According to the Round Rock specification, computer 204 initially accesses CD-R/RW drive 213 before receiving information about particular features of CD-R/RW drive 213. During such access, computer 204 outputs a request to CD-R/RW drive 213, and CD-R/RW drive 213 outputs the information to computer 204 in response thereto. The information describes particular features of CD-R/RW drive 213, such as (a) the drive's write capabilities (e.g. speed and an indication of whether the drive executes a predetermined write strategy for its computer-readable medium), (b) an indication of whether the drive performs buffer under-run free recording, and (c) the drive's digital audio extraction capabilities (e.g. speed), according to a predetermined format of the Round Rock Feature Descriptor.

In response to the information, computer 204 configures a driver (or “program”) for managing access by computer 204 to CD-R/RW drive 213. In that manner, computer 204 advantageously operates (a) without relying on a list of supported CD-R/RW drives in a static drive table, (b) with full support for particular features of CD-R/RW drive 213, and (c) with a single configured driver (instead of multiple drivers) to support a wide variety of different CD-R/RW drives. In one example of the illustrative embodiment, the pre-configured driver is received by computer 200 from server 110 through network 112.

Before and after configuring the driver, computer 204 operates with recognition of a predetermined subset of features, which are shared by the wide variety of different CD-R/RW drives. In one example of the illustrative embodiment, the predetermined subset of features is a command set behavior of the different CD-R/RW drives. Such command set behavior includes the behavior of CD-R/RW drive 213 in outputting the information (e.g. about particular features of CD-R/RW drive 213) in response to the request from computer 204. In response to the information, computer 204 suitably configures the driver to operate with recognition of a variable subset of features (which are particular features of CD-R/RW drive 213).

Accordingly, computer 204 advantageously operates without relying on updates to the drive table for supporting new versions of CD-R/RW drives. In that manner, computer manufacturers are empowered to introduce new versions of CD-R/RW drives without compelling a revision to saved restorable images for a customer's installation, thereby reducing cost. For example, if incompatibilities are discovered between the CD-R/RW drive and computer 204 (or software of computer 204), such incompatibilities may be resolved in a new version of the CD-R/RW drive (e.g. a new version of firmware in the CD-R/RW drive).

Computer 204 likewise achieves such advantages if drive 213 is a CD-ROM drive instead of a CD-R/RW drive. For example, according to the Round Rock specification, the CD-ROM drive outputs (to computer 204) its digital audio extraction rates, so that computer 204 is not required to dynamically measure such rates. Applicability of the Round Rock specification to CD-ROM drives is discussed further hereinbelow in the Appendix.

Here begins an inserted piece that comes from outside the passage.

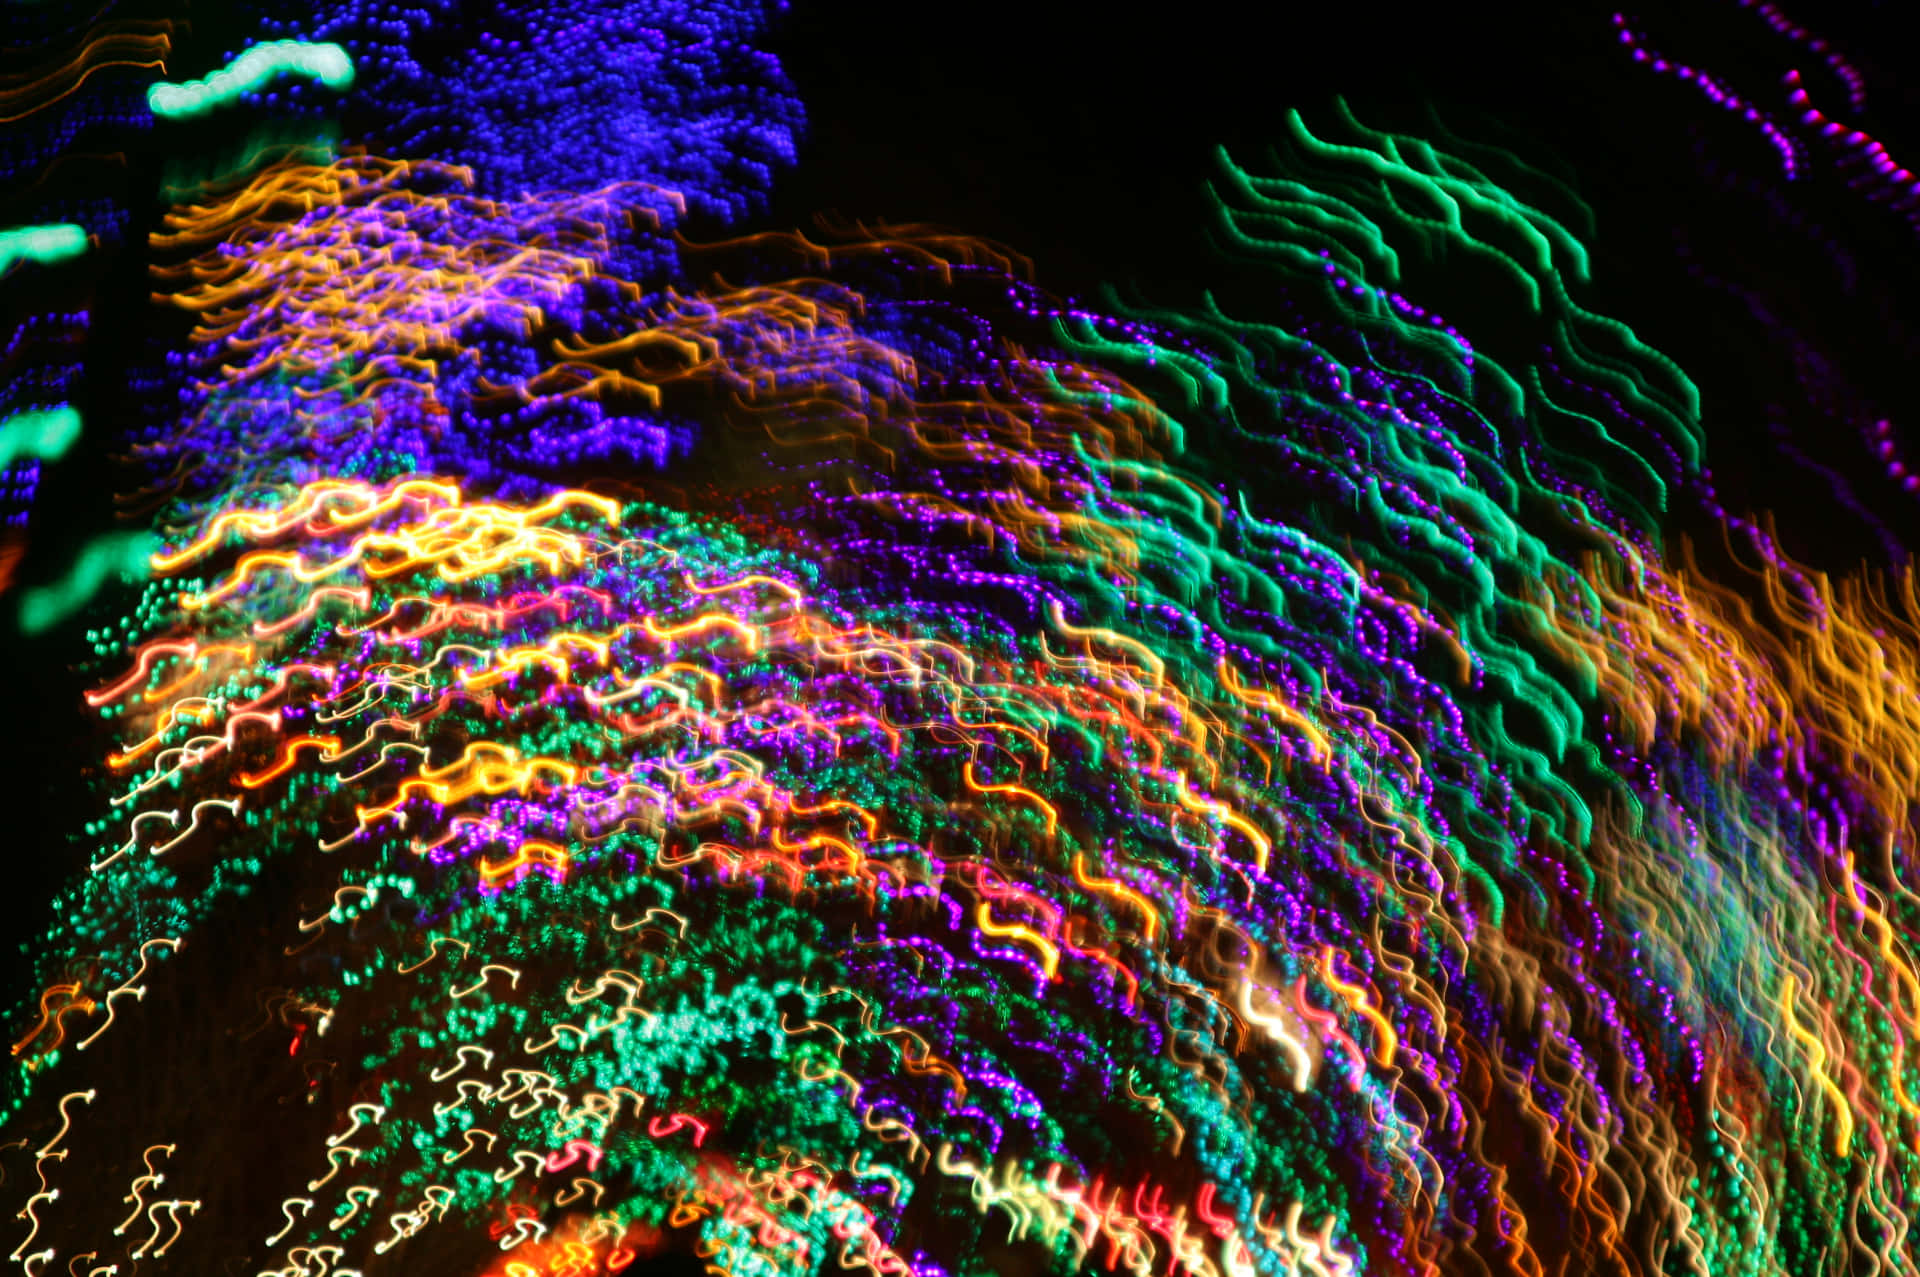 A Blurry Image Of A Colorful Tree

Referring to FIG. 4, the operation starts at a step 402, which self-loops until a boot event. A computer, such as computer 204, is “booted” (or “rebooted”) when it initiates execution of operating system software (e.g. Microsoft Windows) in response to an event (“boot event”). Such a boot event may be, for example, user 202 “turning on” computer 204 (e.g. user 202 causing application of electrical power to computer 204 by switching an on/off button of computer 204). Alternatively, such a boot event may be receipt by computer 204 of a command to initially execute the operating system software. For example, computer 204 may receive such a command from user 202 (e.g. through input devices 206), or from a computer application executed by computer 204, or from another computer (e.g. from server 110 through network 112).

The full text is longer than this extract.